- Developer: Q Entertainment
- Publisher: Microsoft Studios
- Director: Ryuichi Hattori
- Producer: Tetsuya Mizuguchi
- Designers: Katsumi Yokota Osamu Kodera
- Programmer: Osamu Kodera
- Artist: Katsumi Yokota
- Series: Lumines
- Platform: Xbox 360
- Release: WW: October 18, 2006; JP: March 7, 2007;
- Genre: Puzzle
- Modes: Single-player, Multiplayer

= Lumines Live! =

2006 video game

 is a 2006 puzzle video game developed by Q Entertainment and published by Microsoft Studios for the Xbox 360 via Xbox Live Arcade. It is the second game in the Lumines series, following 2004's Lumines: Puzzle Fusion. The objective of the game is to move and rotate 2×2 blocks to form colored squares of the same color. Points are awarded to the player when the Time Line erases the colored squares. Lumines Live! introduces online multiplayer, Xbox Live achievements, and a leaderboard.

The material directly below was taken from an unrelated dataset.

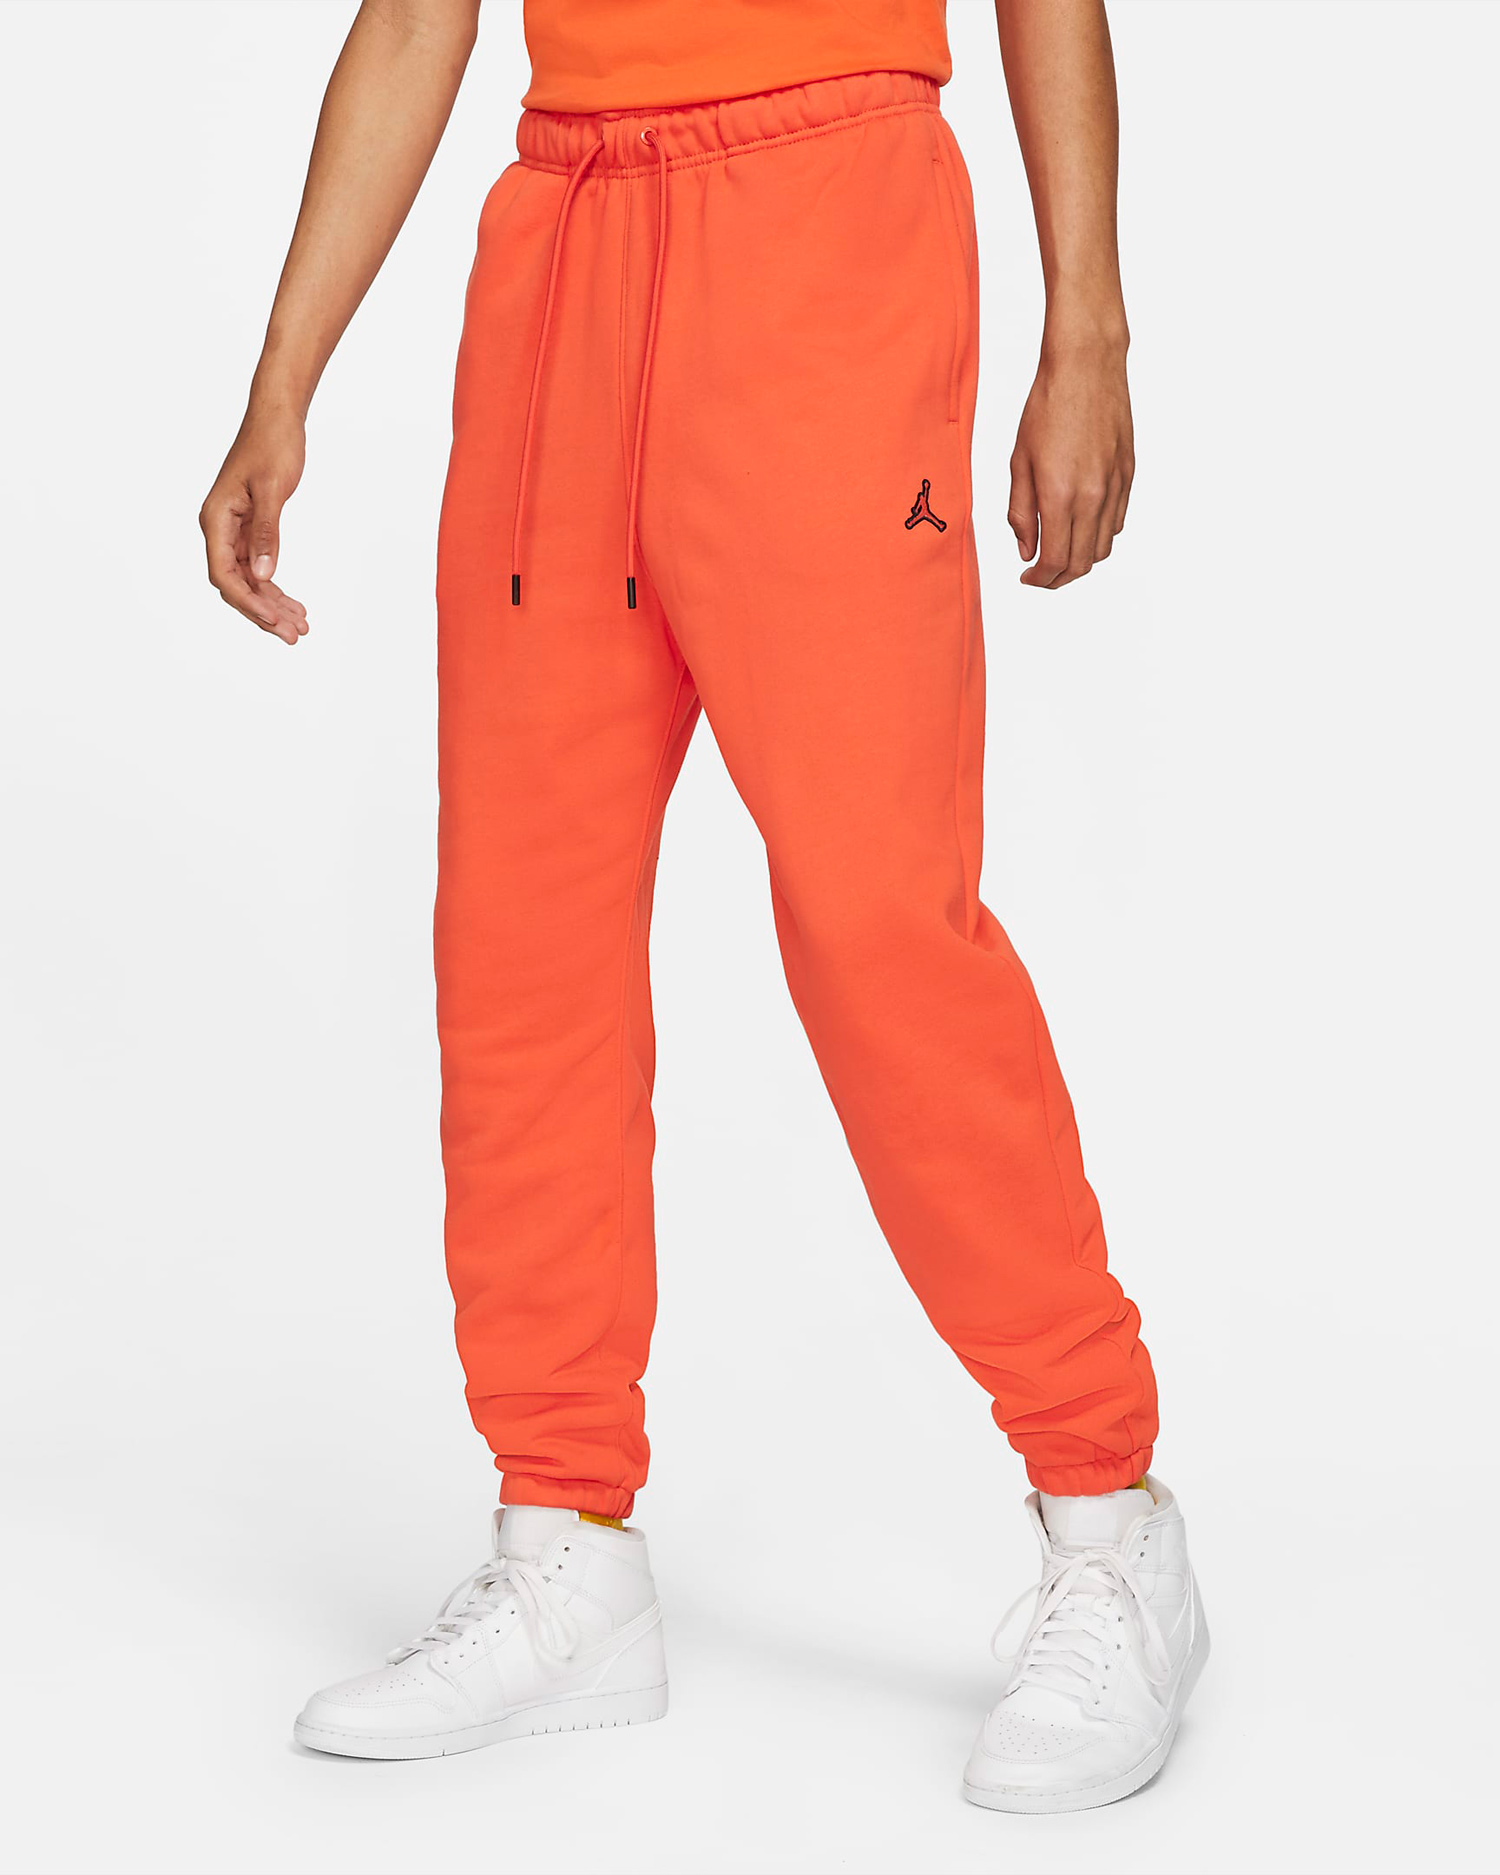 jordan-electro-orange-fleece-pants-1

During development, game producer Tetsuya Mizuguchi intended Lumines Live! to be customizable for players via downloadable content (DLC). One of the challenges during development was to have the game size be fifty megabytes due to Xbox Live's file size restrictions. It received several DLC packages between January and October 2007, a mobile phone port, and a physical edition compiled with Every Extend Extra Extreme and Rez HD in September 2009. The game received mixed reviews from critics, with some praising the new features, enhancements in performance, and visuals from its predecessor, but others raising complaints about the game's pricing and the amount of content in the base game.

==Gameplay==

Gameplay of Lumines Live!s Mission mode

Lumines Live! is a puzzle game similar to its predecessor, Lumines: Puzzle Fusion. The objective of the game is to rotate, move, and drop colored blocks varying between two colors to form 2×2 squares of the same color. A vertical line known as the Time Line sweeps over the playing field and will erase the colored squares, granting points to the player's overall score. Deleting four or more squares will add a bonus multiplier to the player's overall score. Players lose the game when the blocks reach the top of the playing field. Stages vary from thematic visual themes known as "Skins" that change the music, background, and sound effects. There are seven game modes: Challenge mode, Puzzle, Time Attack, VS CPU, and Duel Mode. In Challenge mode, players are tasked to survive as long as possible and gain the highest possible score. Puzzle mode tasks players to use the blocks to create specific shapes. Time Attack mode tasks players to clear as many squares as possible within an allotted time. Time Attack mode also allows players to share a recording of their best playthrough. In VS CPU mode, players share the playing field with an AI opponent and must defeat them by clearing more squares than them, causing players to claim more of the playing field. In Duel Mode, players can compete with each other either locally or online. Unlike its predecessor, Lumines Live! also allows players to accumulate over one million points in a play session.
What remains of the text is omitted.